[Start of section]

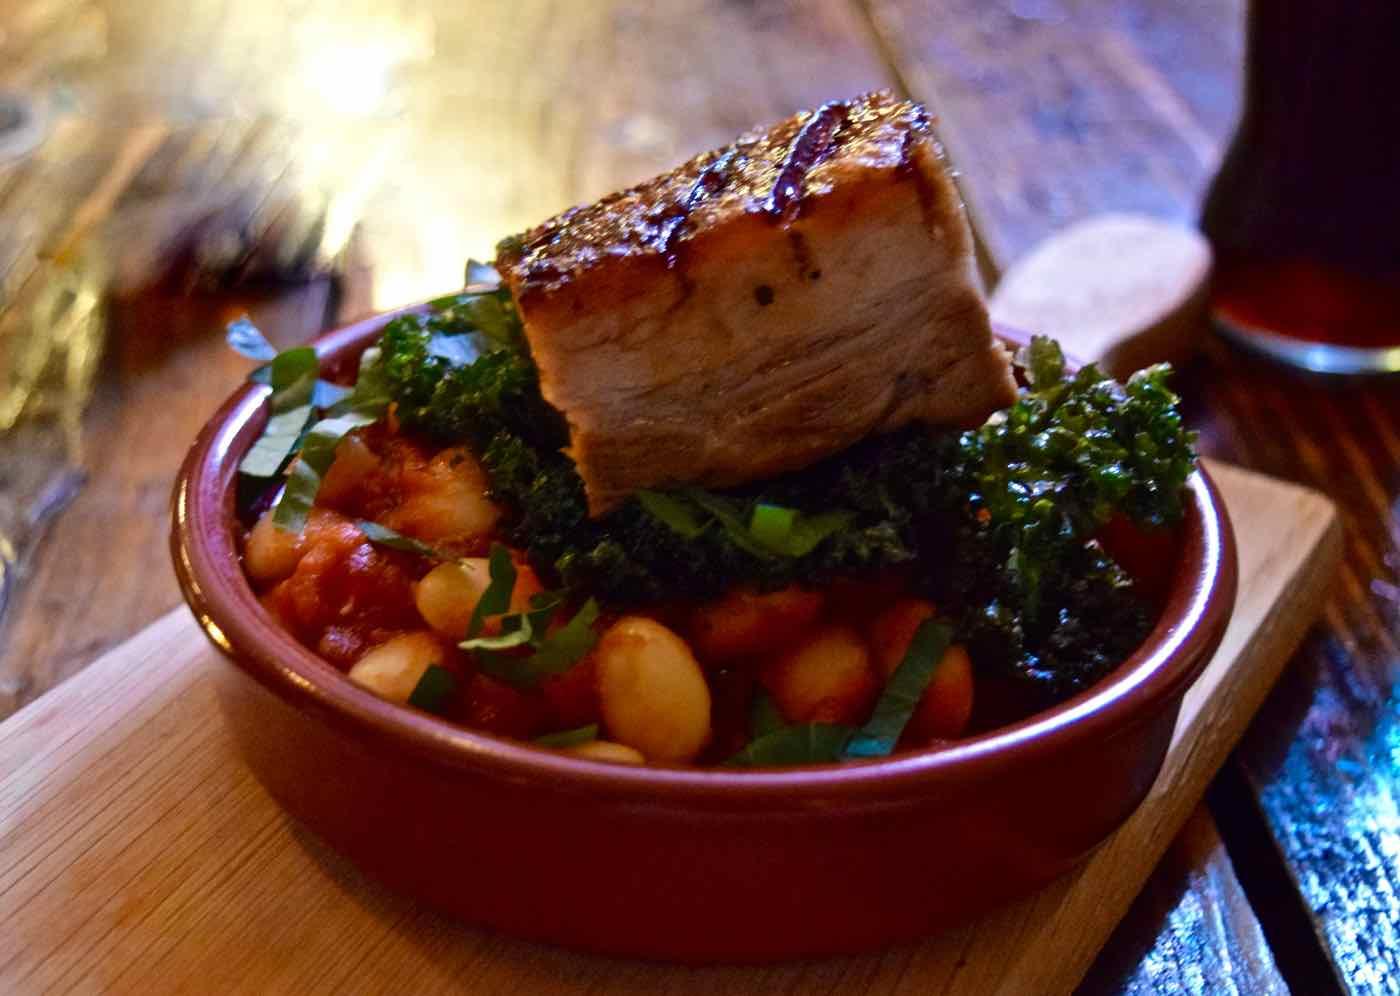 Pork belly and butter bean stew at Junkyard Restaurant, Nottingham
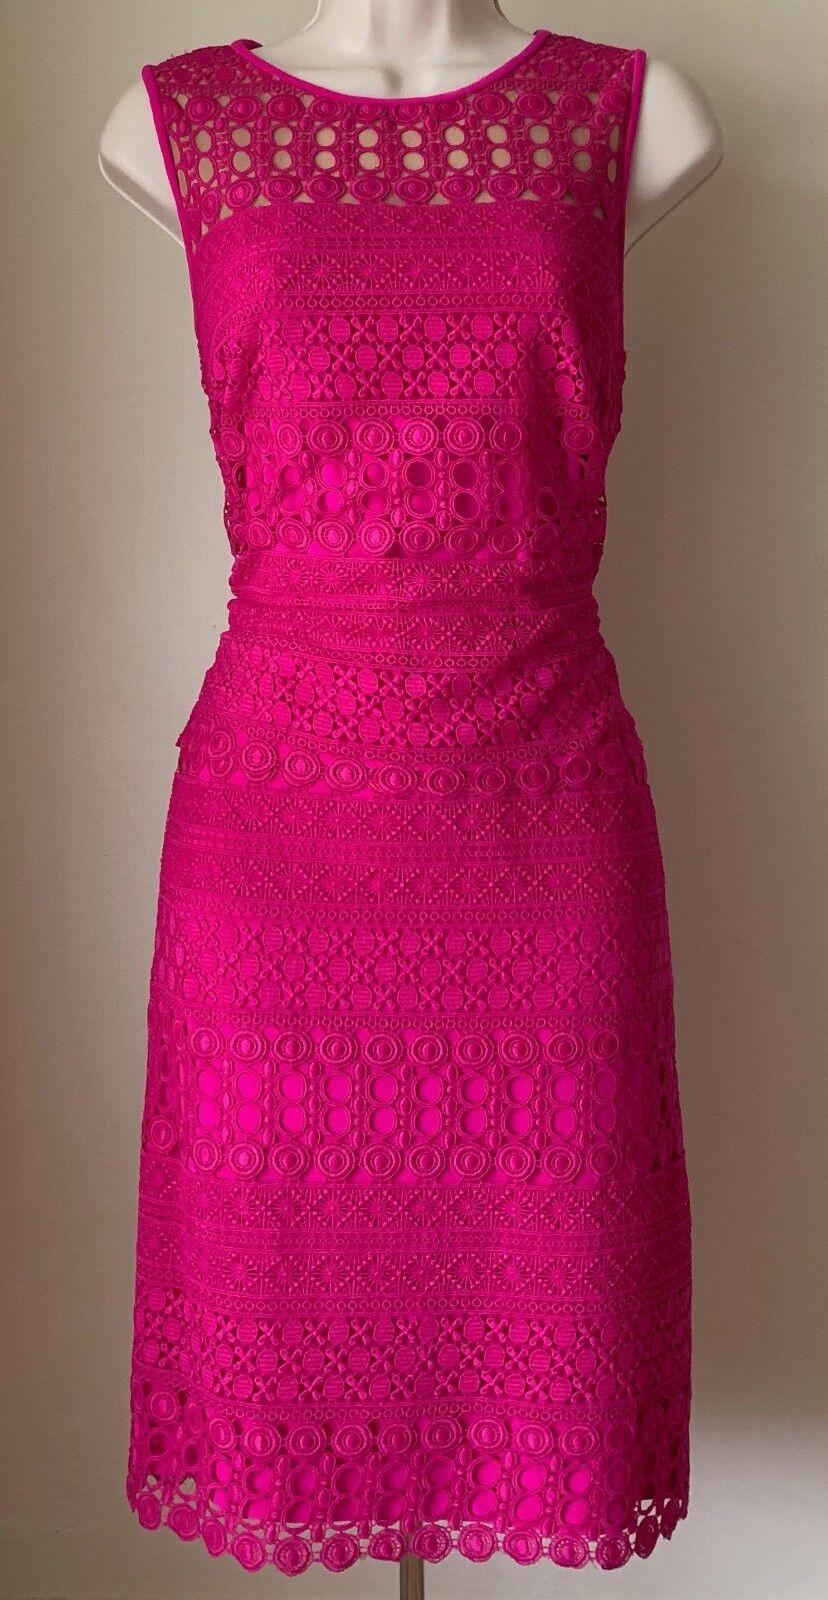 LAUREN Ralph Lauren Scalloped Lace Lace Lace Sheath Dress NWT Size 10 f55564
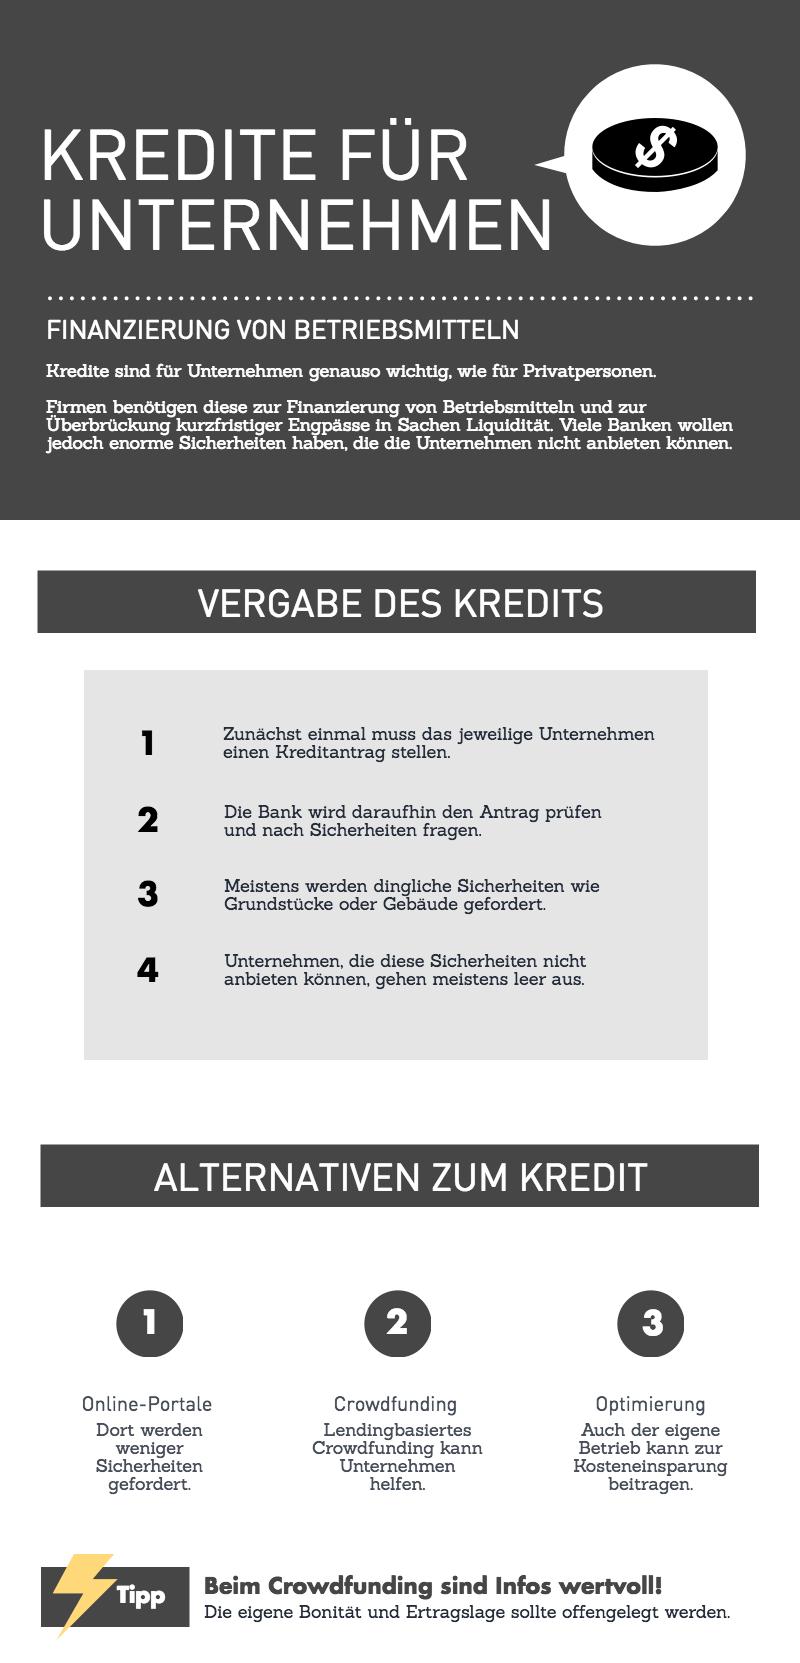 Infografik mit Daten über Kredite für Firmen
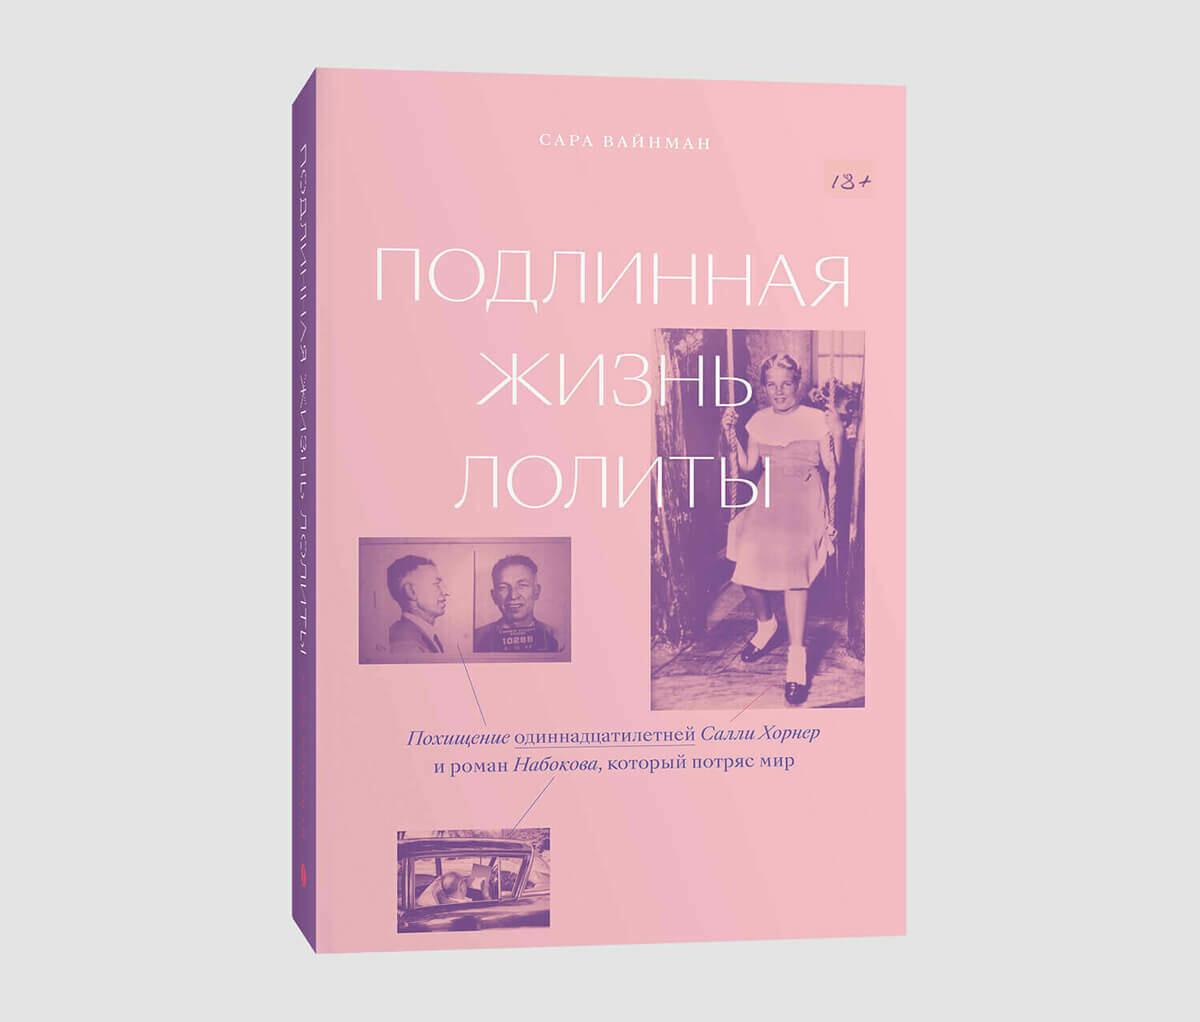 Книга «Подлинная жизнь Лолиты. Похищение одиннадцатилетней Салли Хорнер и роман Набокова, который потряс мир» Сары Вайнман

[End of section]

Your task:
Print every line of the listing exactly, please, and leave the images out.

Your solution:
 Pork belly and butter bean stew at Junkyard Restaurant, Nottingham
 LAUREN Ralph Lauren Scalloped Lace Lace Lace Sheath Dress NWT Size 10 f55564
 Infografik mit Daten über Kredite für Firmen
 Книга «Подлинная жизнь Лолиты. Похищение одиннадцатилетней Салли Хорнер и роман Набокова, который потряс мир» Сары Вайнман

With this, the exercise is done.